START Material shown

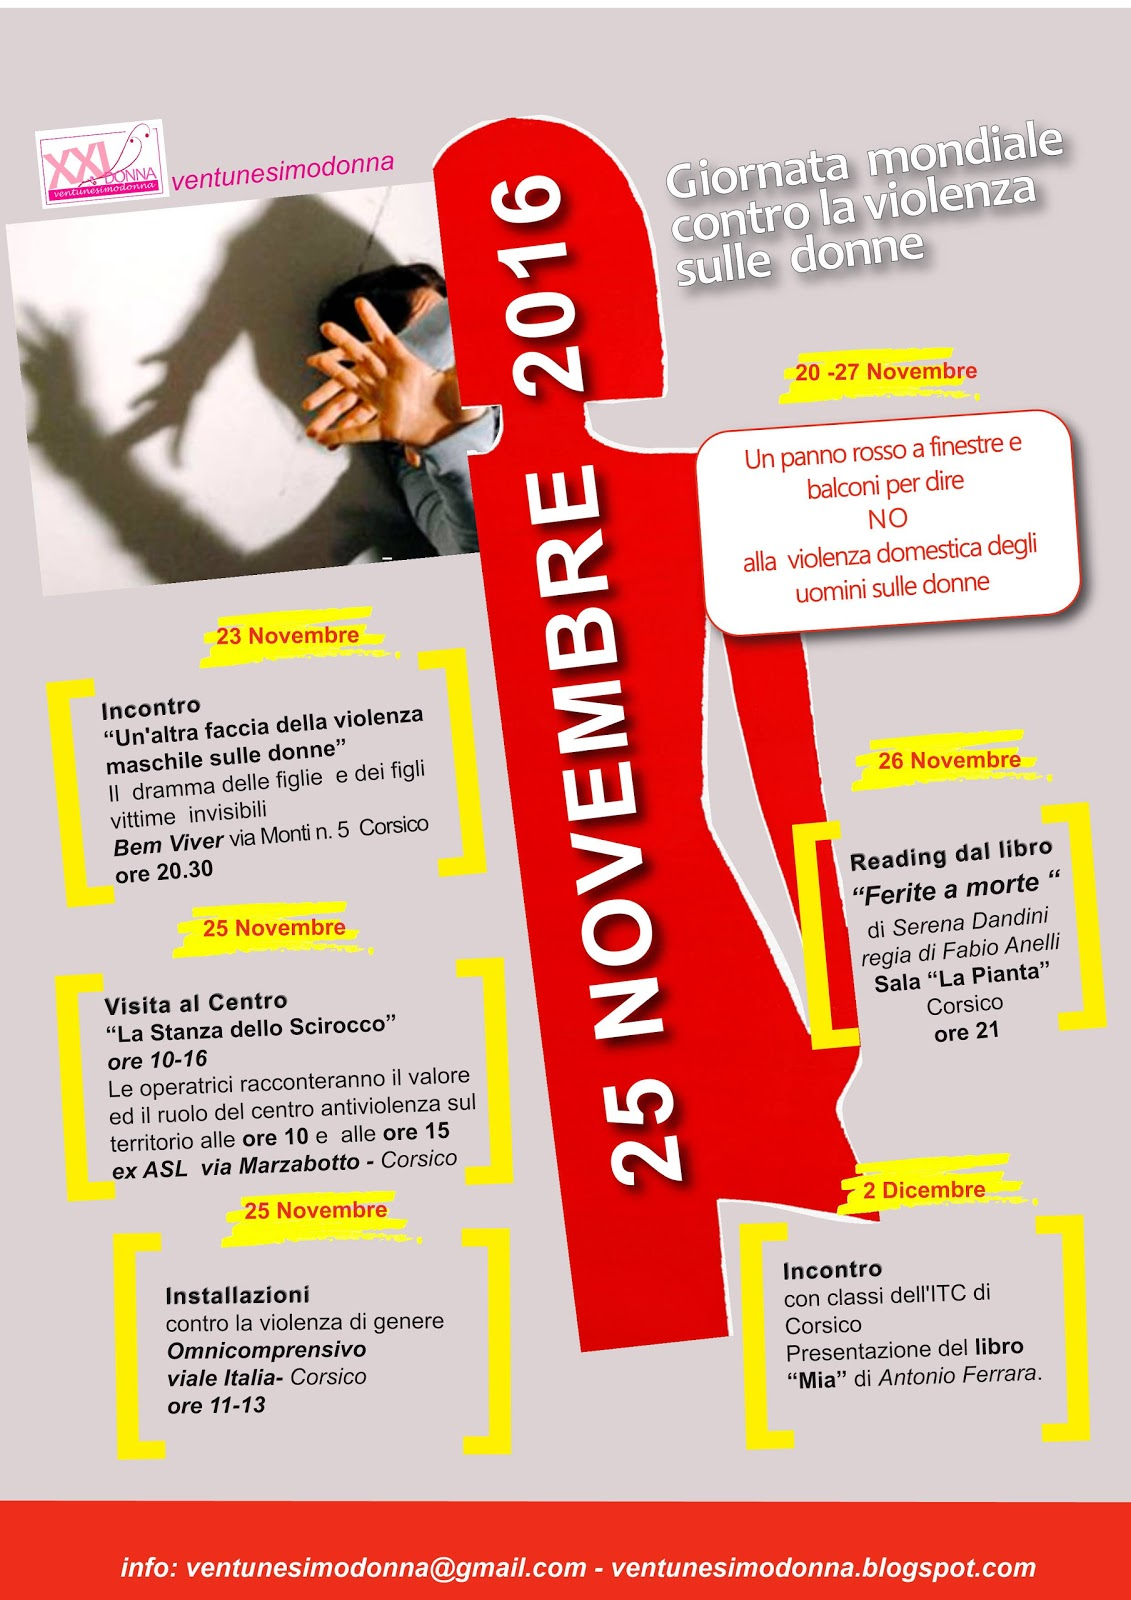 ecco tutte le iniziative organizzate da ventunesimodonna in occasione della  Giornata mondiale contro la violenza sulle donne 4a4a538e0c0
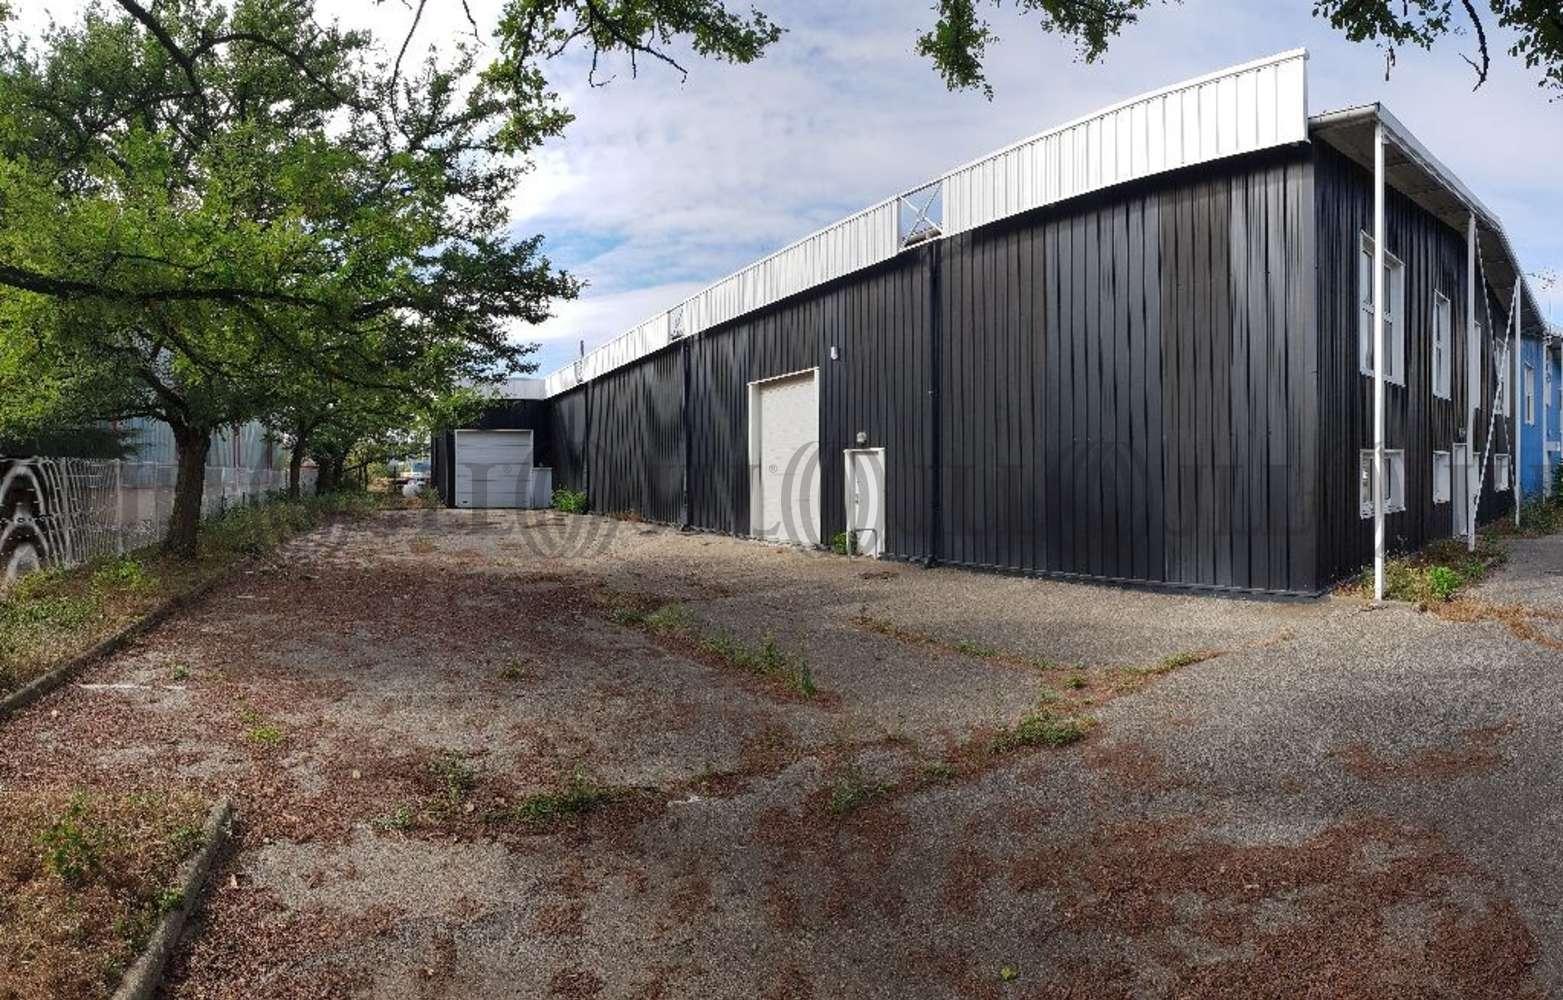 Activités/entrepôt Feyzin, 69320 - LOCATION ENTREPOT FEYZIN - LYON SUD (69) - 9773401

END Material shown
START Material shown

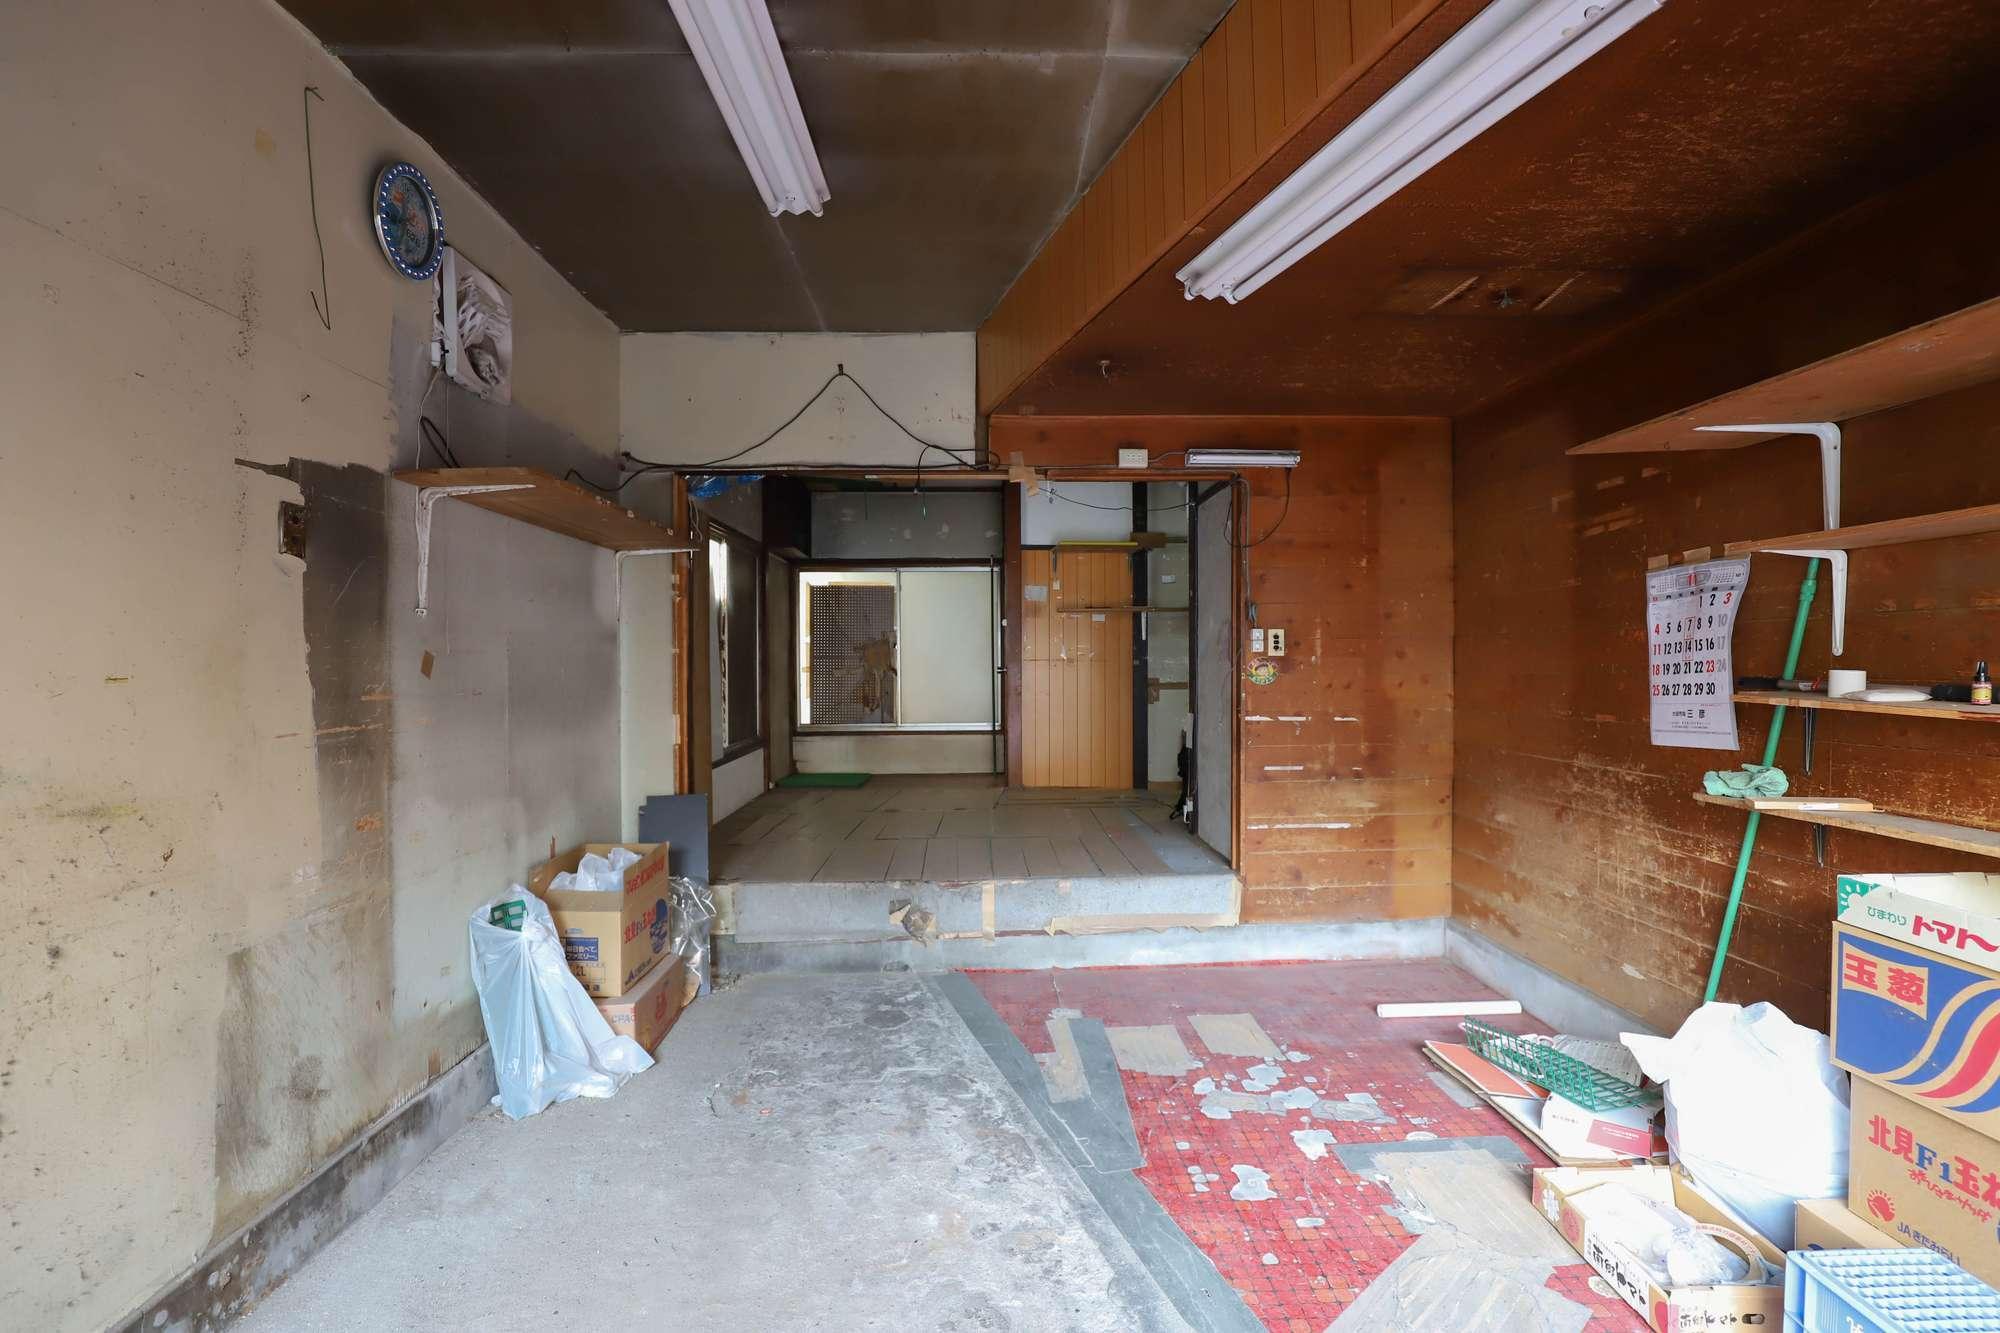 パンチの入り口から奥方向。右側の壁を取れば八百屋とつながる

END Material shown

| Task prompt |
Look through the listing above for the line with "ecco tutte le" and the line with "Activités/entrepôt Feyzin, 69320". Write out exactly those lines and everything between, leaving out pictures.

| Output of the exercise |
 ecco tutte le iniziative organizzate da ventunesimodonna in occasione della  Giornata mondiale contro la violenza sulle donne 4a4a538e0c0
 Activités/entrepôt Feyzin, 69320 - LOCATION ENTREPOT FEYZIN - LYON SUD (69) - 9773401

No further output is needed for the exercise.